A three-mile (4.8km) dual carriageway will be created on the A417 between Gloucester and Cirencester.
The scheme will bypass the Air Balloon roundabout to help reduce delays.
Construction between the roundabout and the Cowley junction is due to begin at the end of this month.
The stretch of the A417 near Gloucester carries about 40,000 cars a day and congestion is frequent.
The route links the M5 and M4 motorways and the section being worked on is known as the missing link as either side of the single carriageway section, the road is dual carriageway.
The National Highways Project Director for the A417, Steve Foxley, said it was a "massive project".
"We will have to cut 1.3 million tonnes of rock, with 800,000 tonnes being used to fill in the valley and the other 500,000 tonnes on to Crickley Hill to build the new road on," he said.
'Disruption kept to minimum'
"Lots of big pieces of plant are being moved around, so as people are driving down the existing road they'll be able to look across and see some quite big toys [machinery] moving up and down over the next two years.
"Disruption to motorists is being kept to a minimum," he added.
It is hoped the new road between Gloucester, Cirencester and Swindon will reduce traffic congestion at the single-carriageway bottleneck stretch past Birdlip.
As well as the dual carriageway, a number of "green bridges" will also be built to boost wildlife in the area.
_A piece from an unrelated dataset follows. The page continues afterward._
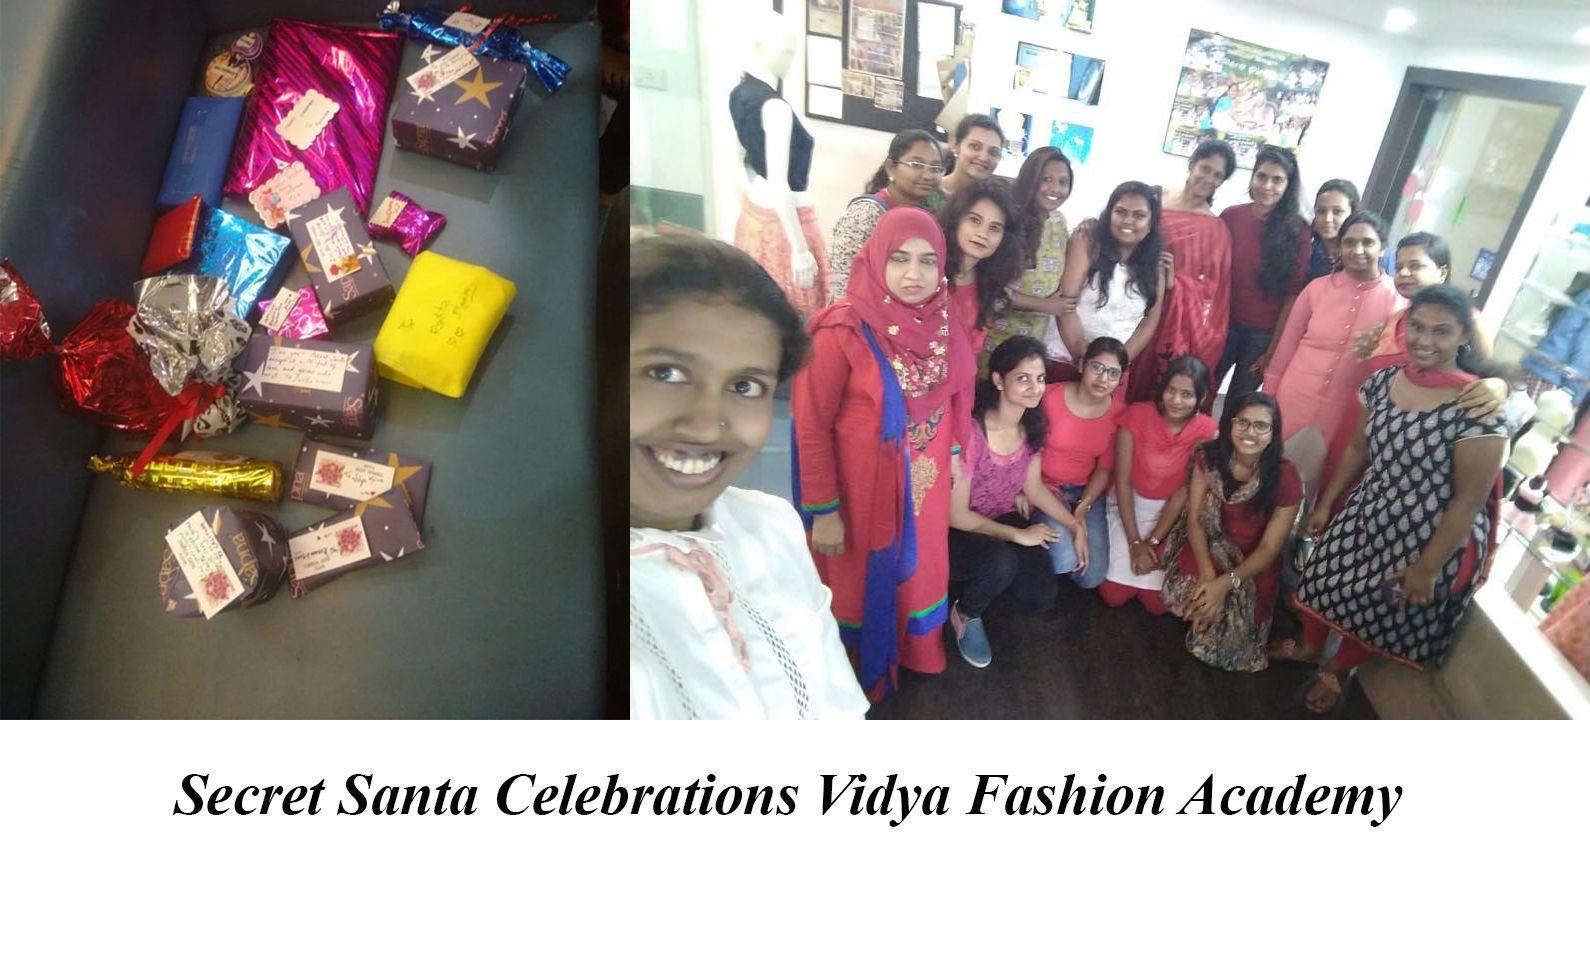 Santa Celebration At One Of The Best Fashion Designing Institute In Bangalore Fashion Designing Institute Celebrities Fashion

The new road is expected to be completed and open by 2027.
The project is also featuring on the BBC Two series Digging for Britain, after an archaeological dig around the A417 scheme revealed a number of Roman artefacts.
Finds included a "very rare" cupid figurine and a ring used as a keyring to open a small lock box.
Archaeologists from Oxford Cotswold Archaeology have now completed the excavation of the site which too place over a two-month period.
The best finds from the archaeological dig will be displayed at the Corinium Museum in Cirencester.
Jim Keyte, National Highways' Archaeology Project Manager for the A417, said: "It's a great pleasure to be able to share our findings with the viewers of Digging for Britain.
"As a landscape-led project within the Cotswolds National Landscape, being able to explore the traces left by our ancestors provides a unique opportunity to contribute to the story of the Cotswolds and leave a lasting legacy of knowledge for the local community."